Obviously there are some disadvantages, such as the fact that you can’t be sure that the cached objects are fresh (not changed) so you can encounter strange problems with websites; you can also encounter some problems with audio/video contents. Some of these problems can be avoided with properly configurations.

Let’s start with the installation and configuration of Squid on a home-server based on ArchLinux: the procedure is almost the same with other distributions.

First download the package using your package manager (pacman if you’re using ArchLinux):

pacman -S squid

Then you need to configure squid, to do so open /etc/squid.conf and read carefully the comments. There are a lot of options but you really need to check and change only a few of them:

  • http_port: the port where squid will listen for request, usually 3128 but you can change it without problems;
  • http_access: these lines defines the access permissions to the proxy, usually you want to allow access for localhost and localnet and then deny the access for everything else. To do so (it should be already into the default configuration file):
    # Define what is localnet
    acl localnet src
    acl localnet src
    acl localnet src
    acl localnet src fc00::/7
    acl localnet src fe80::/10
    # Enable localhost and localnet
    http_access allow localnet
    http_access allow localhost
    # And finally deny all other access to this proxy
    http_access deny all
  • cache_mgr: the email address for the cache_manager;
  • shutdown_lifetime: defines the time to wait until the service is stopped when required;
  • cache_mem: the memory (RAM) used as a buffer for requests: at least 256/512MB to have decent performance;
  • visible_hostname:  the hostname of your server;
  • fqdncache_size: the size of the resolved domain cache, use at least 1024;
  • maximum_object_size: the maximum size of objects in the cache, set this at least to 10MB otherwise you’ll only cache small files (no large images for example);
  • cache_dir: the location of the cache, this parameter is quite complex.

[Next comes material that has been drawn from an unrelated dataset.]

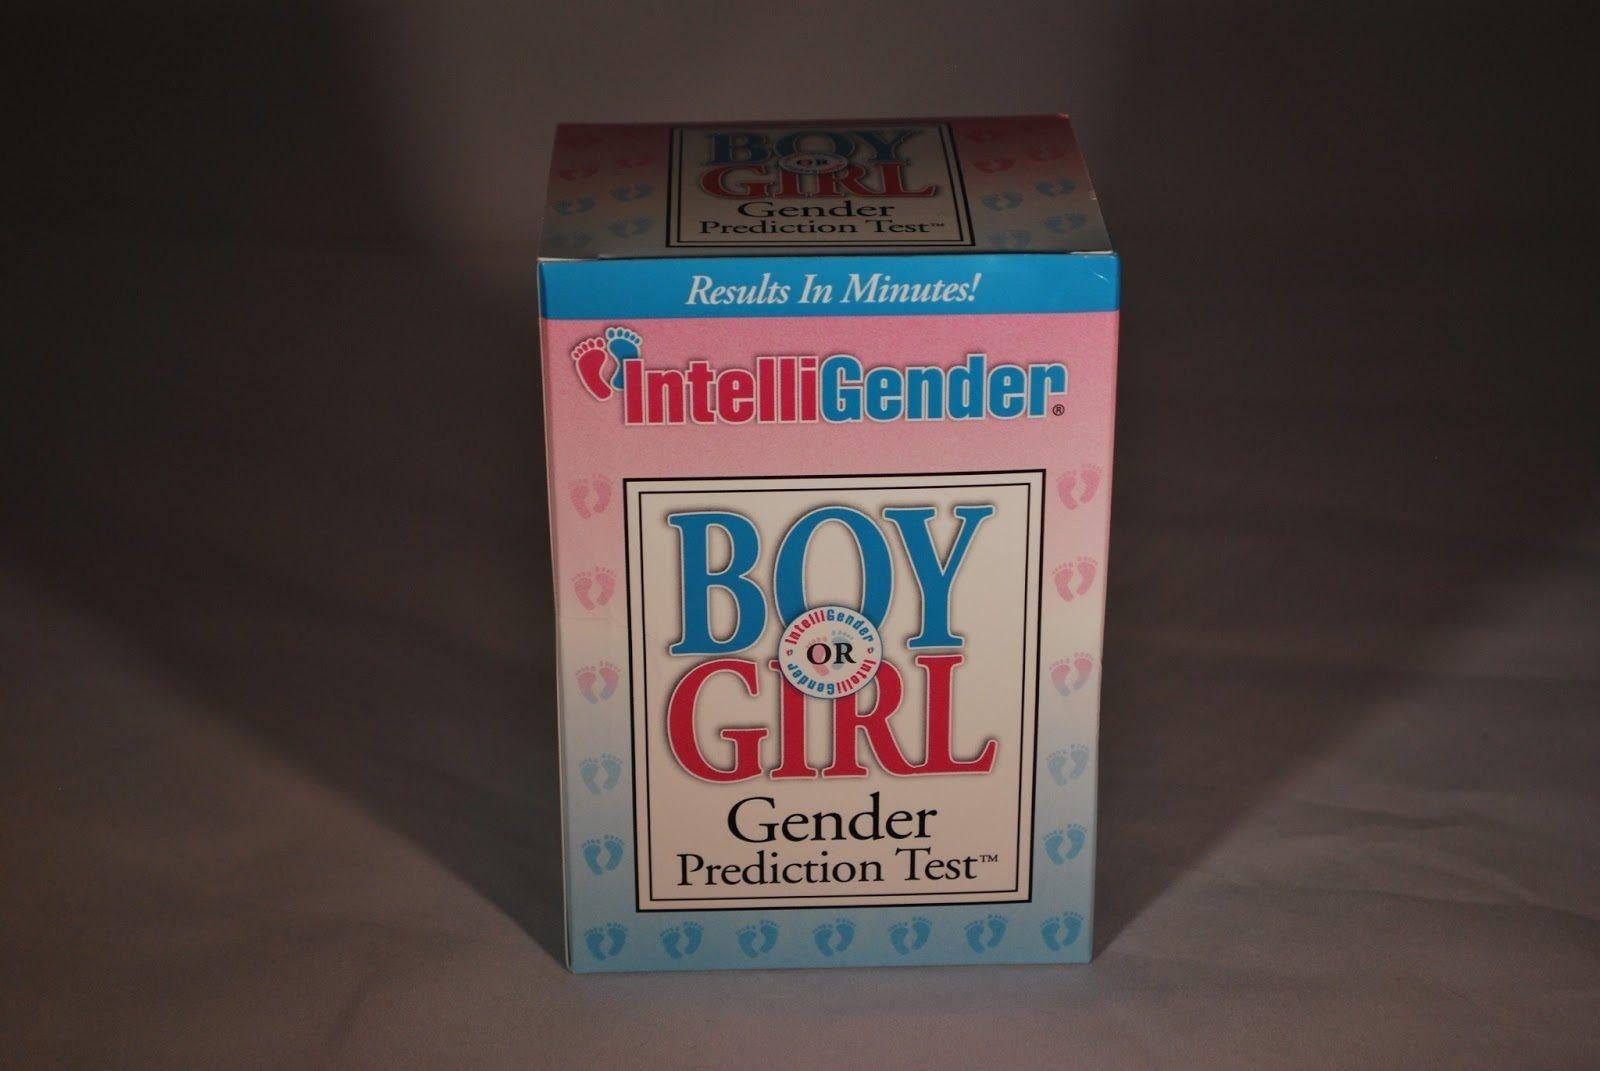 intelli studio_intelli gender 準嗎_intelli jidea

It’s defined as:
    cache_dir ufs /var/cache/squid 20000 16 256: first the file system (ufs), then the location of the cache(/var/cache/squid), then the maximum size (20000MB or ~20Gb), then the number of folder at the first level (16) and finally the number of folder at the second level (256). To be honest you just have to change the maximum size to a serious amount such as 20-100GB. More cache means more files that doesn’t need to be retrieved from the internet.

After these initial configuration, where only two directly affect efficacy (cache_mem and cache_dir) there are some really important configuration that Squid uses to understand what and how the elements have to be cached.

The directives  uses a pattern that matches the objects by extension and/or name, then a minimum and maximum lifetime and a % is used to statistically determine when an item is stale and needs to be discarded, for example:

  • 10080 90% 43200: this means that the item is considered fresh if his time is between now and 10080 (3 hours) seconds ago, stale (discarded) if his time is older than 43200 (12 hours) second, if the time is between 10800 seconds and 43200 seconds the item is fresh with a 90% probably (high);
  • 1440 20% 10080: same as above, if time is less than 1440 the item is fresh, if the time is higher than 10800 the item is stale and finally if the time is between 1440 and 10080 the item is fresh with a 20% probability (low).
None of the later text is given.